Weidezäune sollen in erster Linie Tiere auf der Weide halten, gleichzeitig aber auch Wildtiere, Hunde und uns Menschen von ihnen fernhalten. «Verwilderte» Stacheldrähte, die achtlos weggeworfen oder liegen gelassen wurden, und andere nicht korrekt befestigte Zäune und Netze stellen aber eine grosse Gefahr dar – allem voran für Wildtiere.

Hinsichtlich des Gefahrenpotenzials von Stacheldrähten, Zäunen und Netzen ausschlaggebend ist nicht nur die Art der Umzäunung, sondern insbesondere auch deren Wartung und regelmässige Kontrolle.

Fallbeispiel

Ein Landwirt aus dem Kanton Thurgau wurde wegen Tierquälerei verurteilt, nachdem im November 2024 eine Rehgeiss in einem von ihm aufgestellten Weidenetz verendet war. Der Mann hatte das Netz an einem Waldrand im Zürcher Weinland errichtet, um seine Schafe am Folgetag dort grasen zu lassen. Da sich die Tiere aber noch auf einer anderen Weide befanden, liess er das Netz über Nacht ohne Strom und ohne Sichtbarmachung – etwa mit Flatterbändern – stehen. Beides stellt einen Verstoss gegen kantonale Vorschriften dar. In der Nacht verfing sich ein Reh im Netz. Es starb qualvoll, vermutlich durch Erschöpfung, Strangulation oder Ersticken. 

Laut dem Merkblatt des Kantons Zürich müssen Weidenetze unter Strom stehen, gut sichtbar sein und dürfen frühestens zwei Tage vor der Beweidung aufgestellt werden. Die Staatsanwaltschaft Winterthur/Unterland erliess eine bedingte Geldstrafe von 30 Tagessätzen à CHF 120.– (insgesamt CHF 3600.–). Zusätzlich muss der Landwirt eine Busse von CHF 600.– sowie Verfahrenskosten im Umfang von CHF 1000.– bezahlen.

So verhält man sich richtig 

Die in der Schafhaltung häufig verwendeten besonders reissfesten «FlexiNet»-Weidezäune mit eingearbeitetem Chromnickel-Draht zwecks ausreichender Stromversorgung bedeuten eine grosse Gefahr sowohl für die innerhalb der Weide gehaltenen Nutztiere, aber auch für Wildtiere. Die Zäune vermögen die Tiere zwar vor Eindringlingen und folgenschweren Ausbrüchen zu schützen. Verfängt sich ein Tier jedoch in einem zu losen gespannten Zaun, sind Schmerzen, Leiden und Panik und in manchen Fällen erhebliche Verletzungen die unvermeidbare Folge.
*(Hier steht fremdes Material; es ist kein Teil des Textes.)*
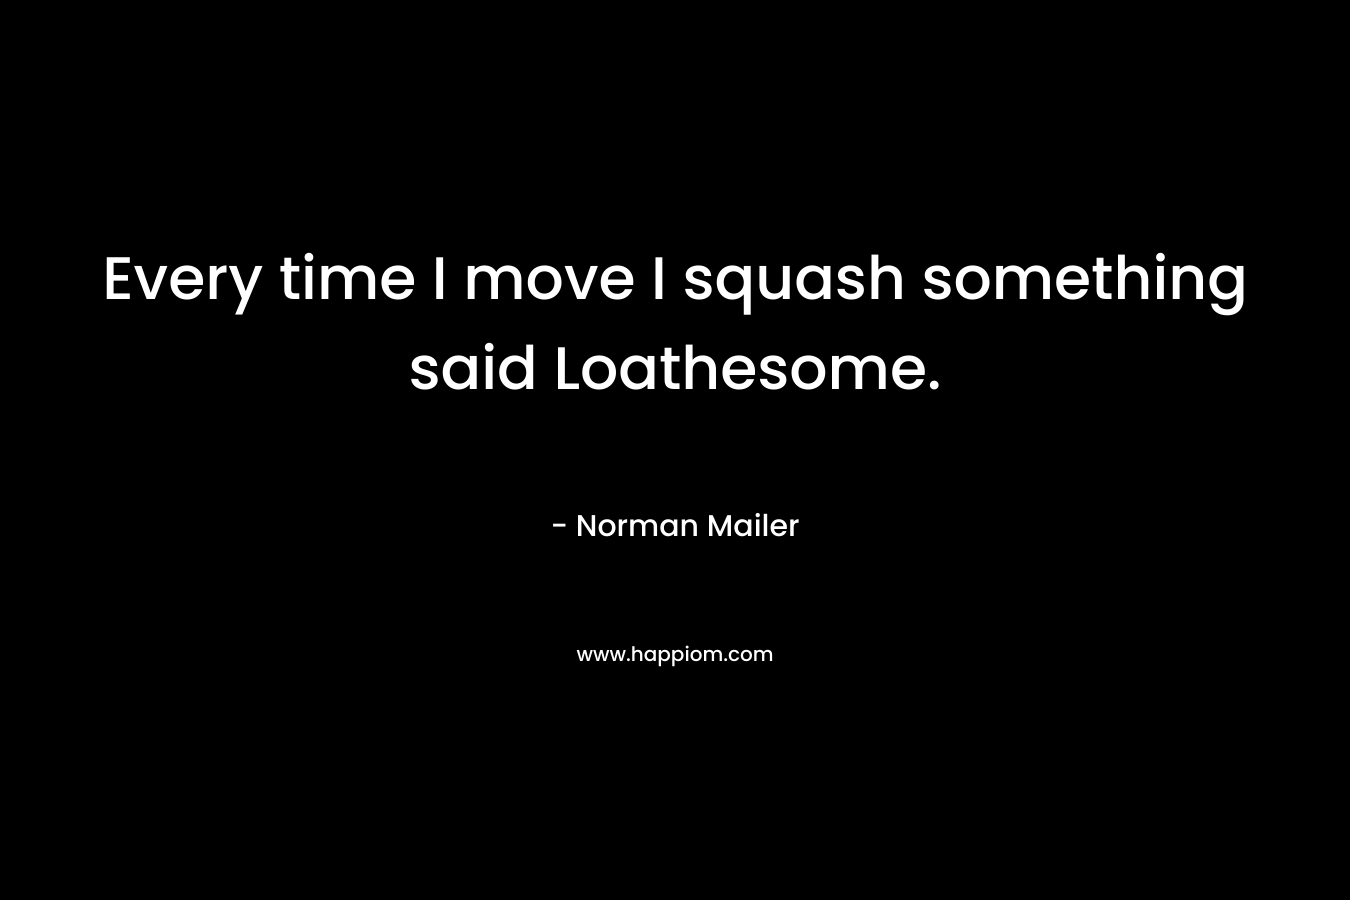 Every time I move I squash something said Loathesome.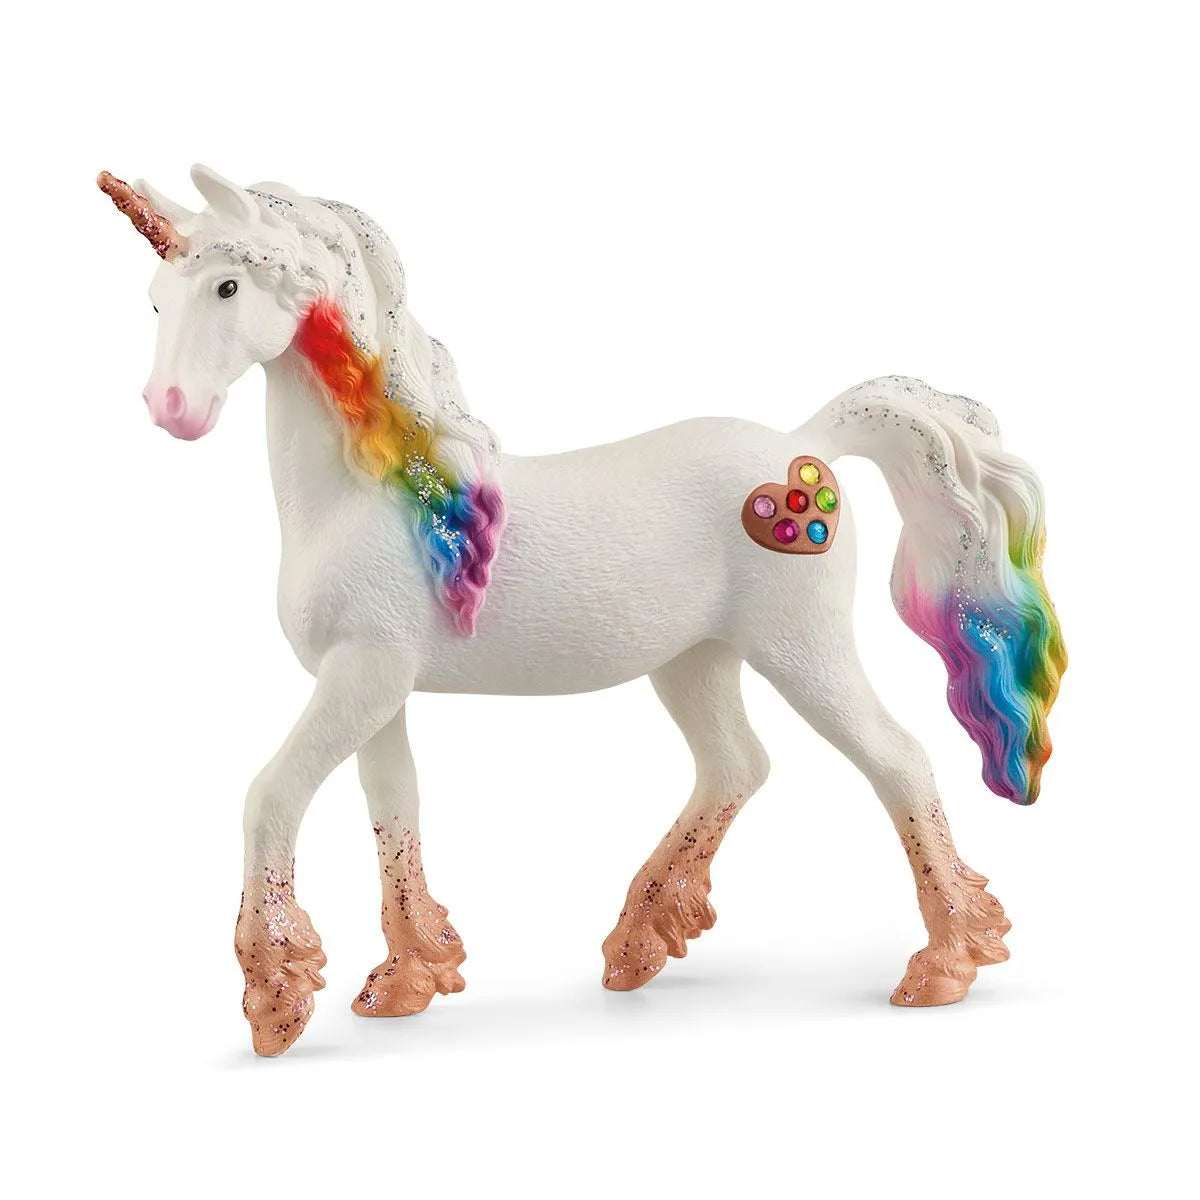 Schleich 70726 Rainbow Love Unicorn Mare - Hobbytech Toys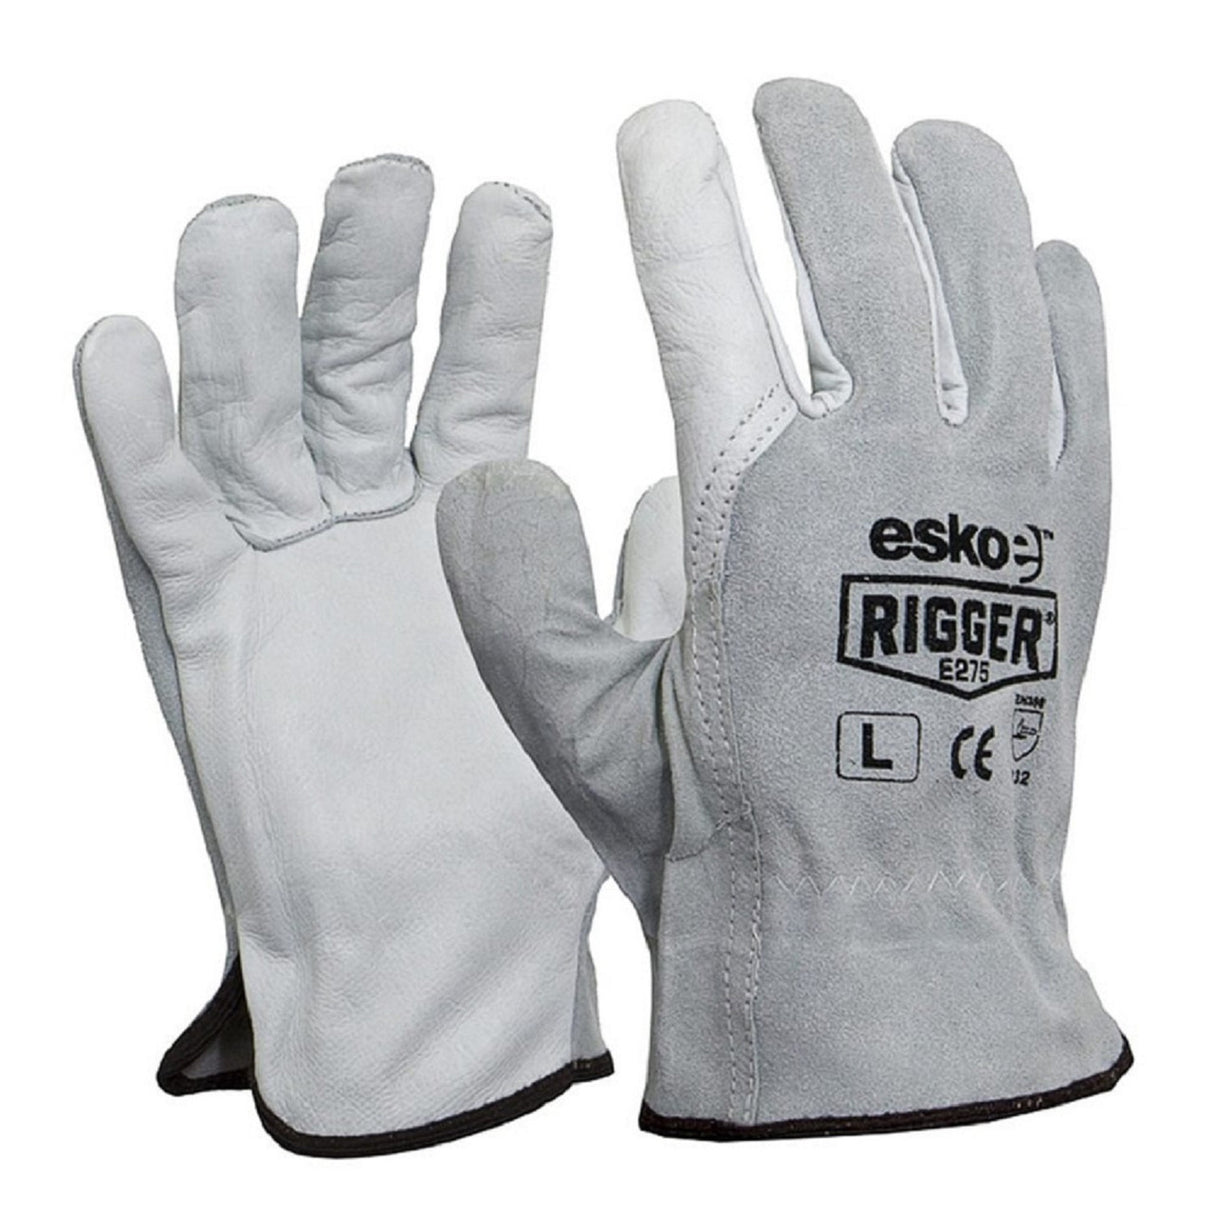 The Rigger Premium Split Leather Gloves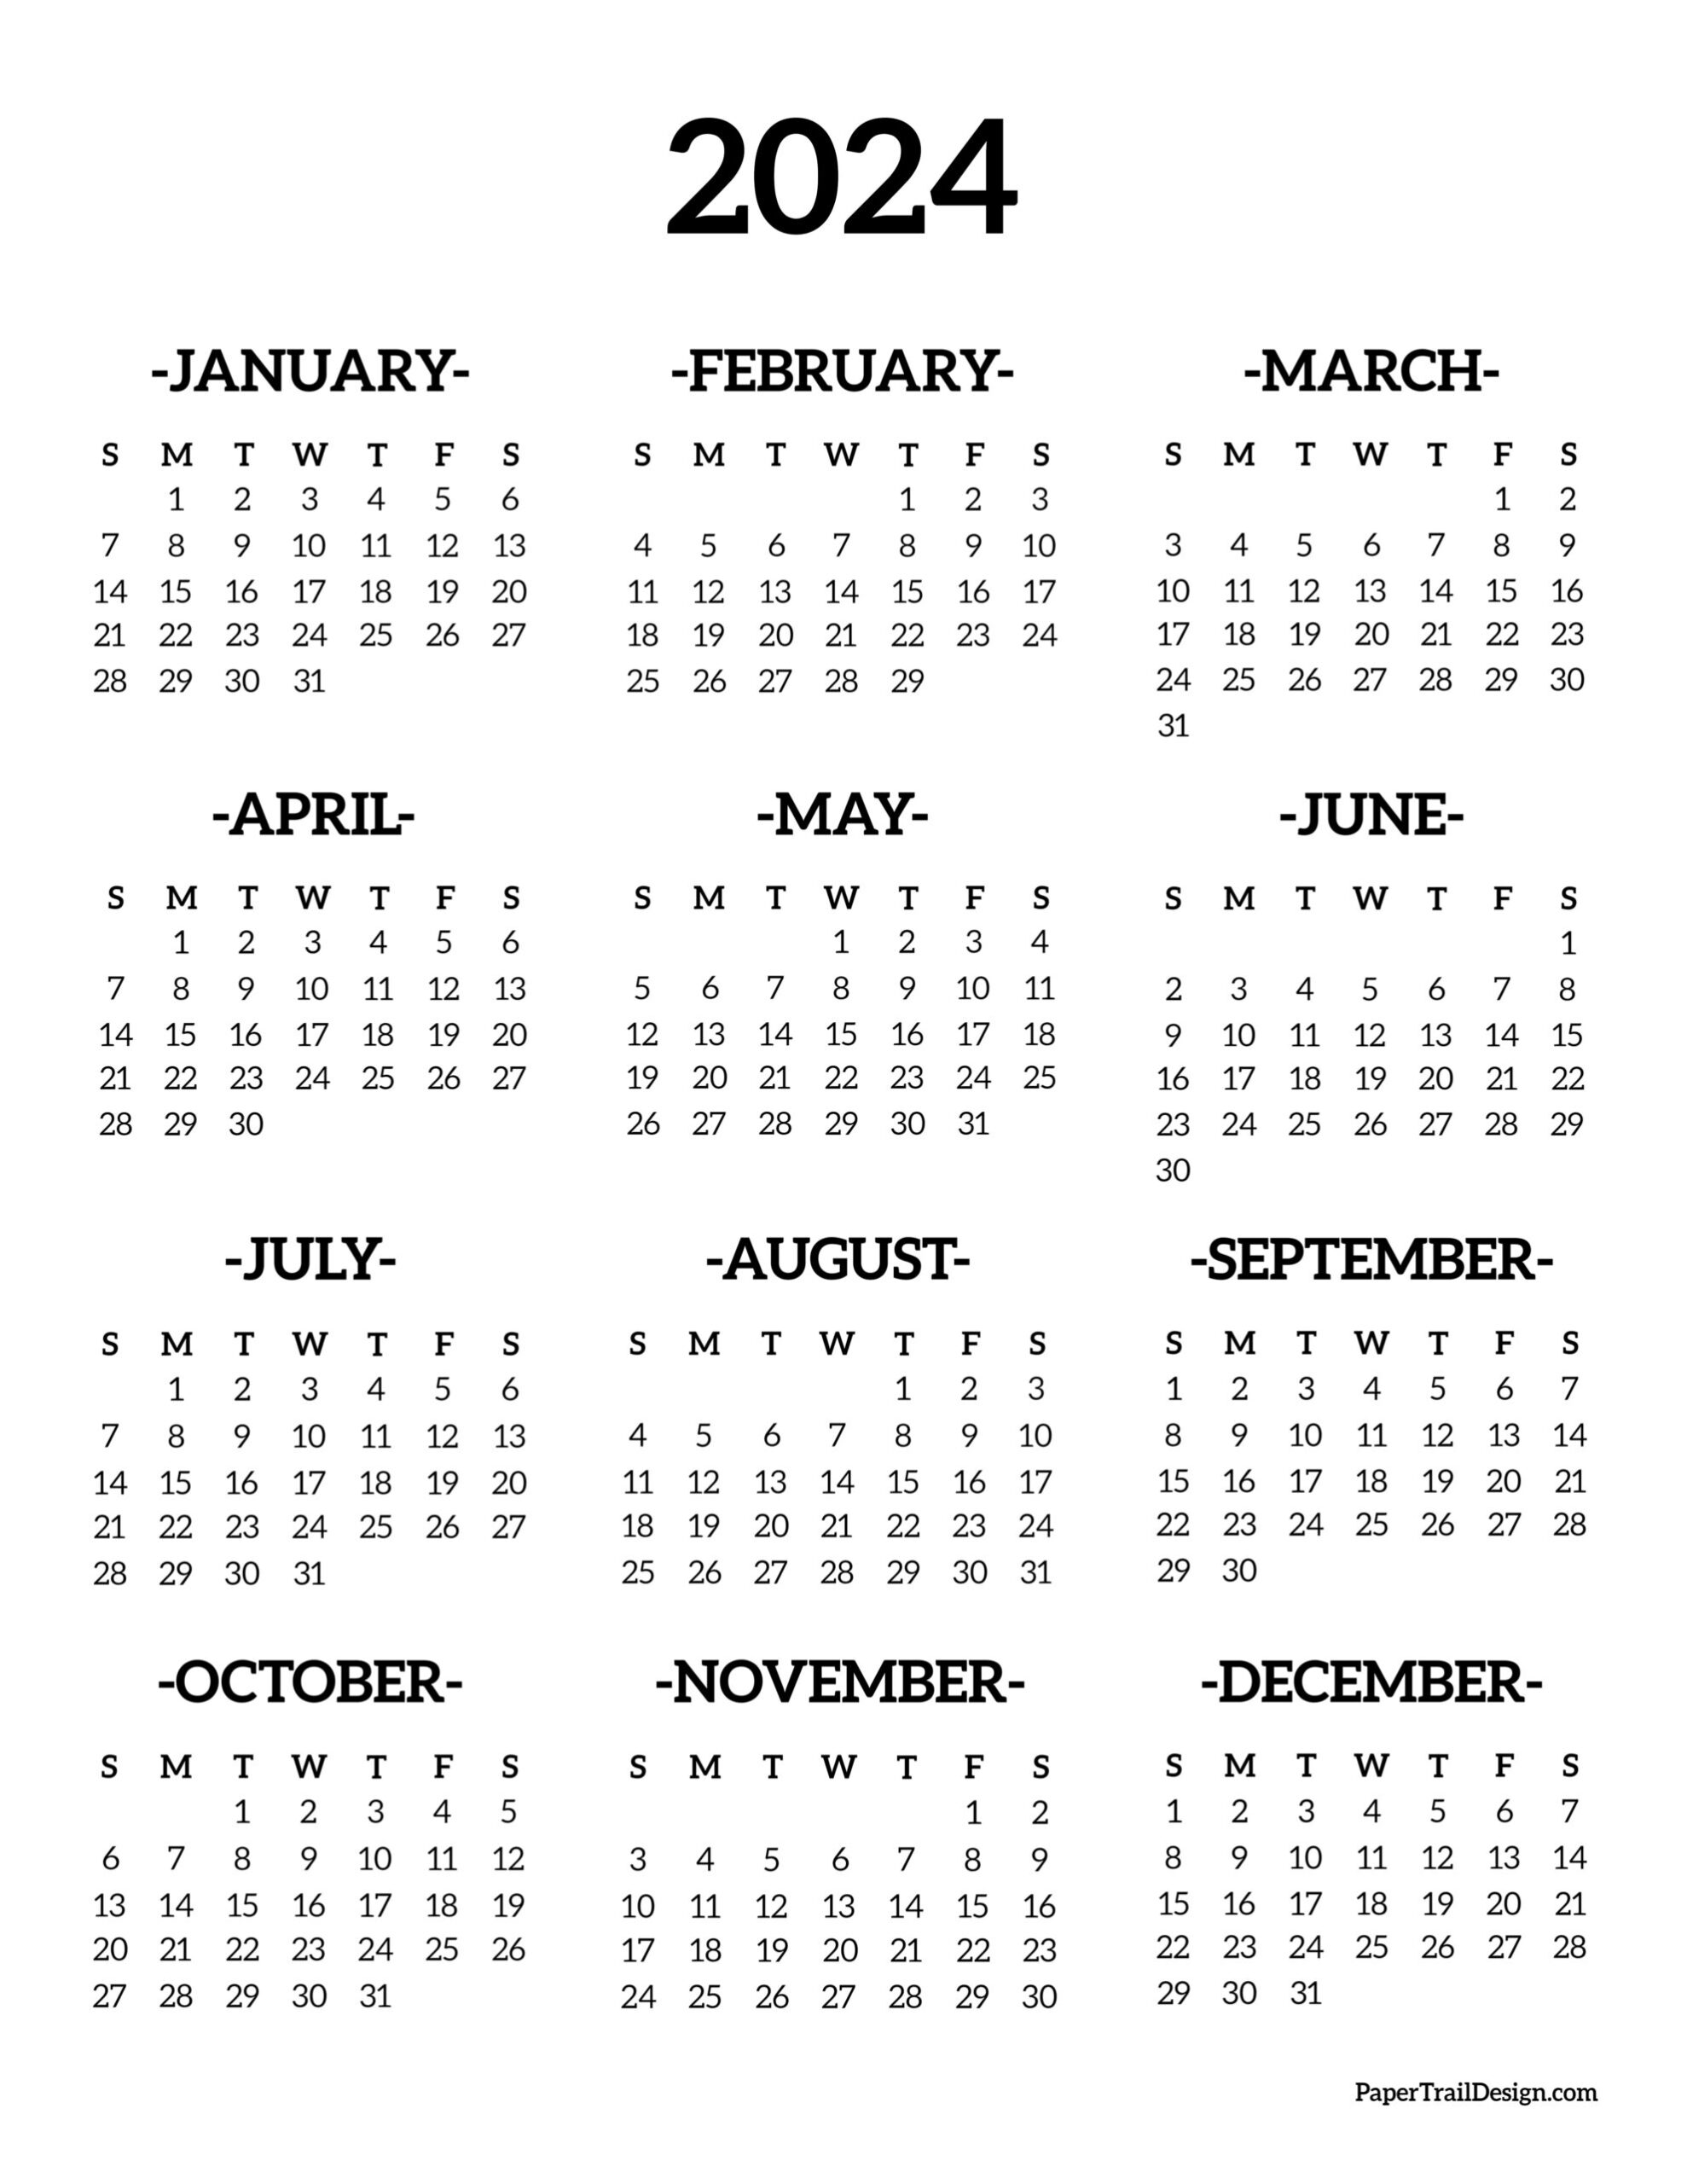 Calendar 2024 Printable One Page - Paper Trail Design for Calendar 2024 Printable Template

Insbesondere unerfahrene Jungtiere geraten immer wieder in stromführende Zaunnetze und verharren unter Umständen während Stunden in ihrer misslichen Lage, bis sie vom Tierhalter oder von Passanten entdeckt werden. Nicht alle Tiere überleben diese Prozedur. Das Bundesamt für Lebensmittelsicherheit und Veterinärwesen (BLV, www.blv.admin.ch) empfiehlt in seinem Merkblatt zum richtigen Umgang mit Weidezäunen unter anderem, diese erst kurz vor dem Einsatz und gut gespannt aufzustellen, täglich zu kontrollieren, wöchentlich freizumähen und nach dem Abzug der Nutztiere unverzüglich zu entfernen.

Rechtliche Einordnung 

Die Tierschutzverordnung schreibt vor, dass Unterkünfte und Gehege so gebaut und eingerichtet sein müssen, dass die Verletzungsgefahr für die Tiere gering ist, ihre Gesundheit nicht beeinträchtigt wird, sie sich darin arttypisch verhalten und sie nicht entweichen können.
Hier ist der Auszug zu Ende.